コリーヌさんは私達と一緒に戻ってきたのだ。
戻って直ぐに台所に入れられたとしても、ぶっつけ本番で失敗とかしたらどうするつもりだったんだろう。
いや、多分、失敗した時用に別の材料とかも用意していたのだろうけれど。
決断力と判断力、行動力が本当に、心底怖い。
「あと、これも、だ。
まさかこれを食べるとか、料理に使うとか思わなかったぞ」
「いっ!」
後ろに控えていたカーンさんが合図と共に指し出したモノ。
それはヤシの実だった。
ミーティラ様が青ざめる。
いや、ミーティラ様も取って貰った時、これを食べるのって顔をしてたけど。
デザートはパンケーキだ。
精霊術士が手伝ったらしい氷菓添え。
完熟ヴェリココ(要するにマンゴー)の氷菓が美味しくない筈は無いけれど、パンケーキの風味がミルクを使ったものと違う。
「まあ! なんて美味しいの!」
「甘さはしっかりとあるのに、すっきりとしていて…」
「口の中にふんわりと広がるわ」
御婦人達から歓声が響く。
やっぱり女性には甘味の方が人気なのか。
ではなく。
まさか、ココナッツミルクまで真似された?
私、ココナッツミルクをパンケーキに使った話は王子にしなかったよ!
「ココの実はプラーミァでどこにでもある。
取るのが面倒だから基本放置していたがな。
固いばかりだから落下したものを器に使ったり、外側の果皮で敷物や道具を使ったりするだけで、中の液体は捨てていたが飲んでみたらなかなか美味かった。

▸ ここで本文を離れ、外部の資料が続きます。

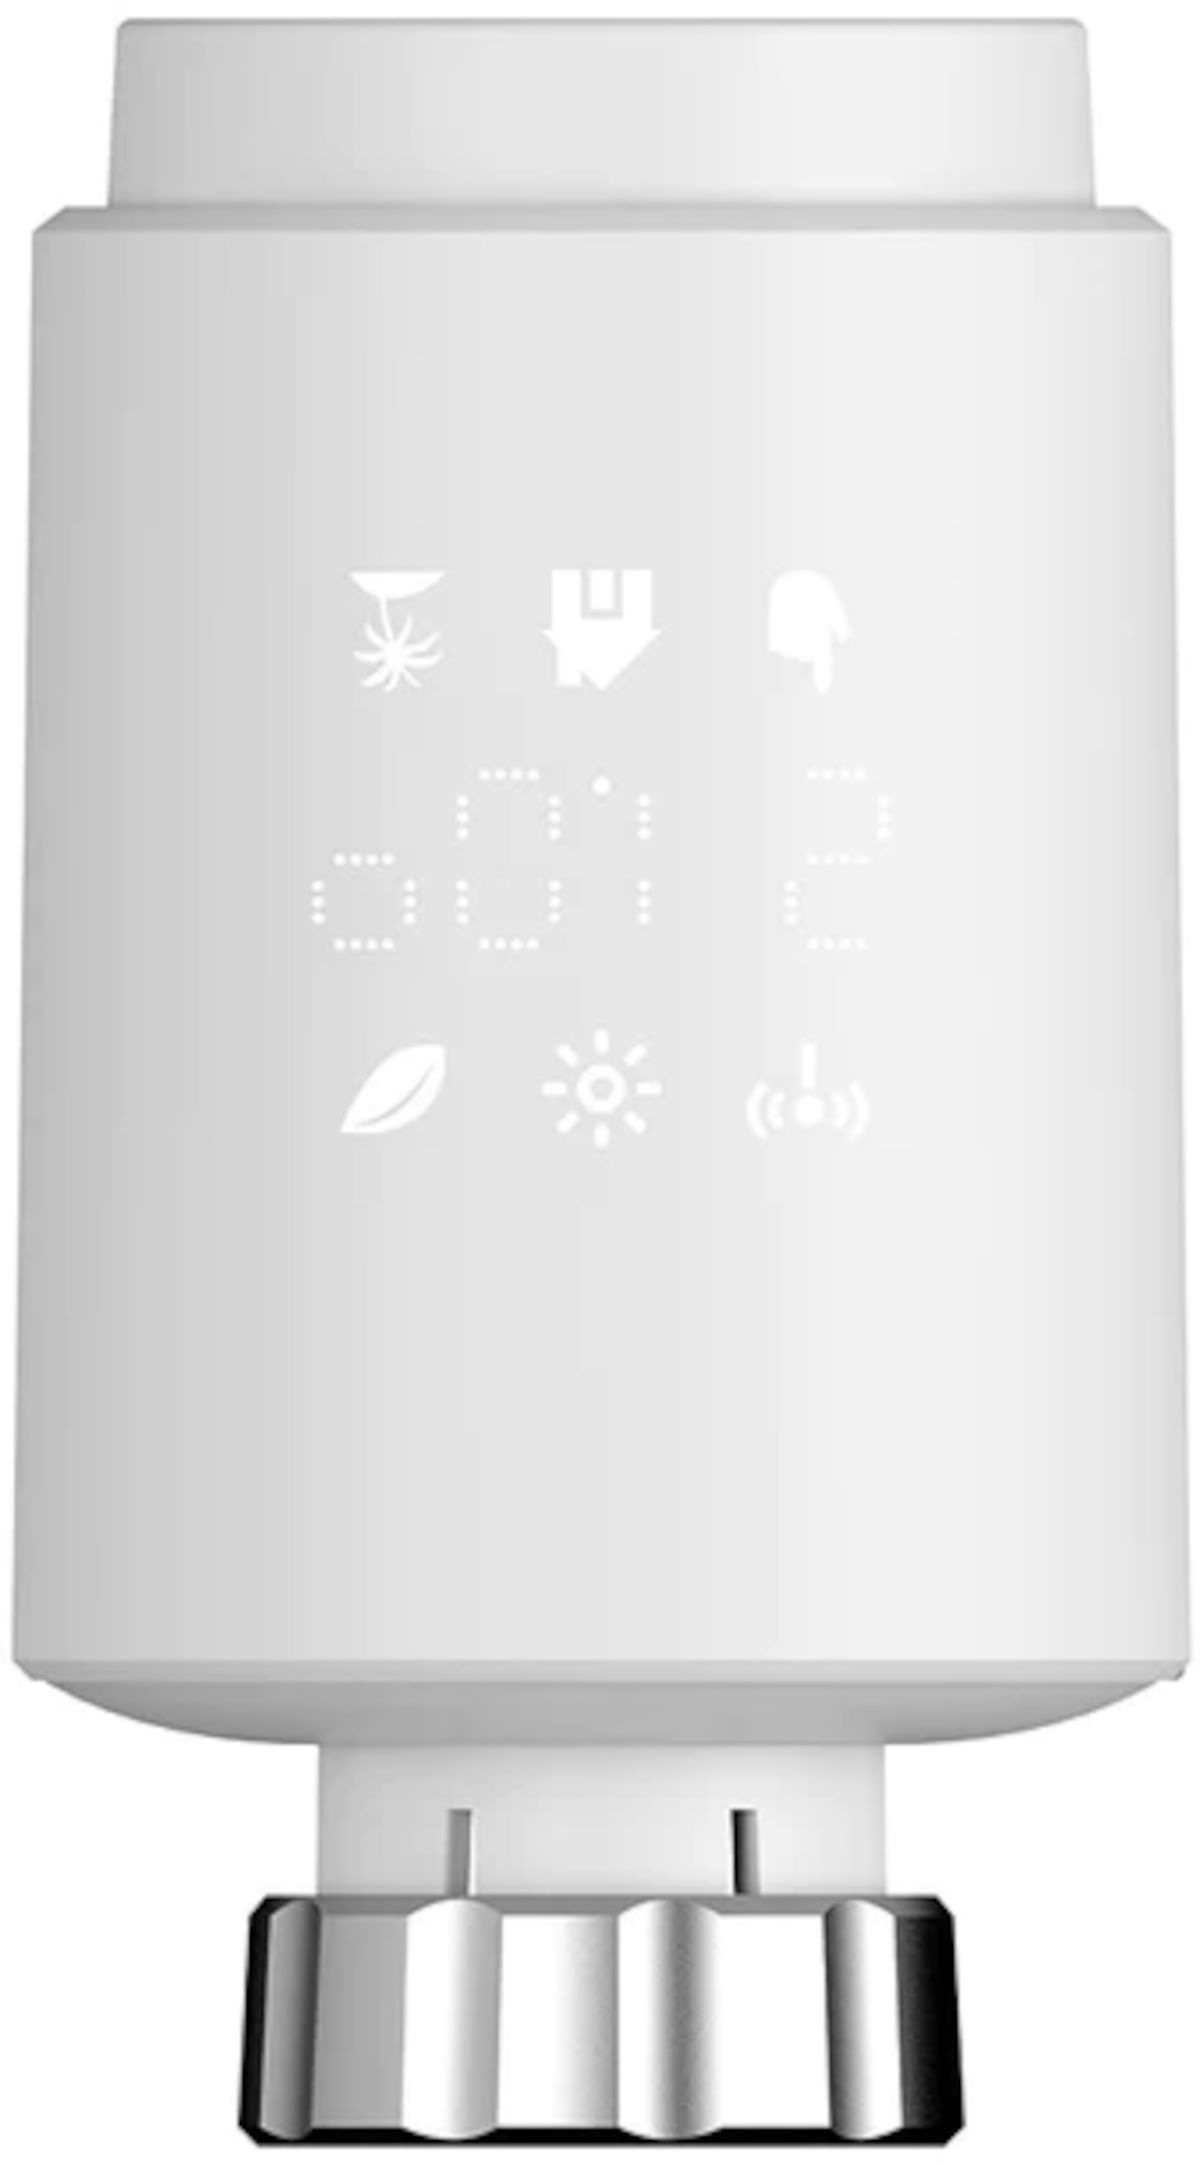 Wesmartify Smart Home Heizkörperthermostat Round, Draufsicht, vor weißem Hintergrund

料理に使うとここまで美味になるとは思いもしなかったぞ。
もしや中の果肉も使えるか?」
「は、はい。軽い甘さが美味ですが乾燥させると独特の歯ごたえが美味しくて、油も採れます…」
何言ってるんだ。私。
王様のペースに呑まれてどうする?
でも、頭で解っていても、ちょっと先制パンチは効いた。
「ふむ、やはりお前は、国王よりもこの国の素材を熟知しているようだな?」
楽し気に宴席を見やる王様。
食べている大貴族方々もパンケーキに夢中だ。
サラダまでと目の色が違う。
無理も無い。
向こうの世界でだって人気のメニューだもの。
「ハンバーグとココの実だけでも、お前を呼んだ元は取れたと思ったが、まだまだ色々と隠しているだろう?
滞在期間中に知る限りの情報を吐き出していけ。
金に糸目は付けぬ。
…さもないと、プラーミァから帰さぬからな」
満悦の顔でパンケーキを頬張る国王陛下に、喉の奥がきゅんと鳴る。
私は心底フェイの心配が正しかった事を実感した。
今の一言。
冗談だろうけれど、冗談では無い。
王様の紅い目に宿った楽し気な『本気』に、私は、震えが止まらなかった。
常夏のプラーミァだというのに。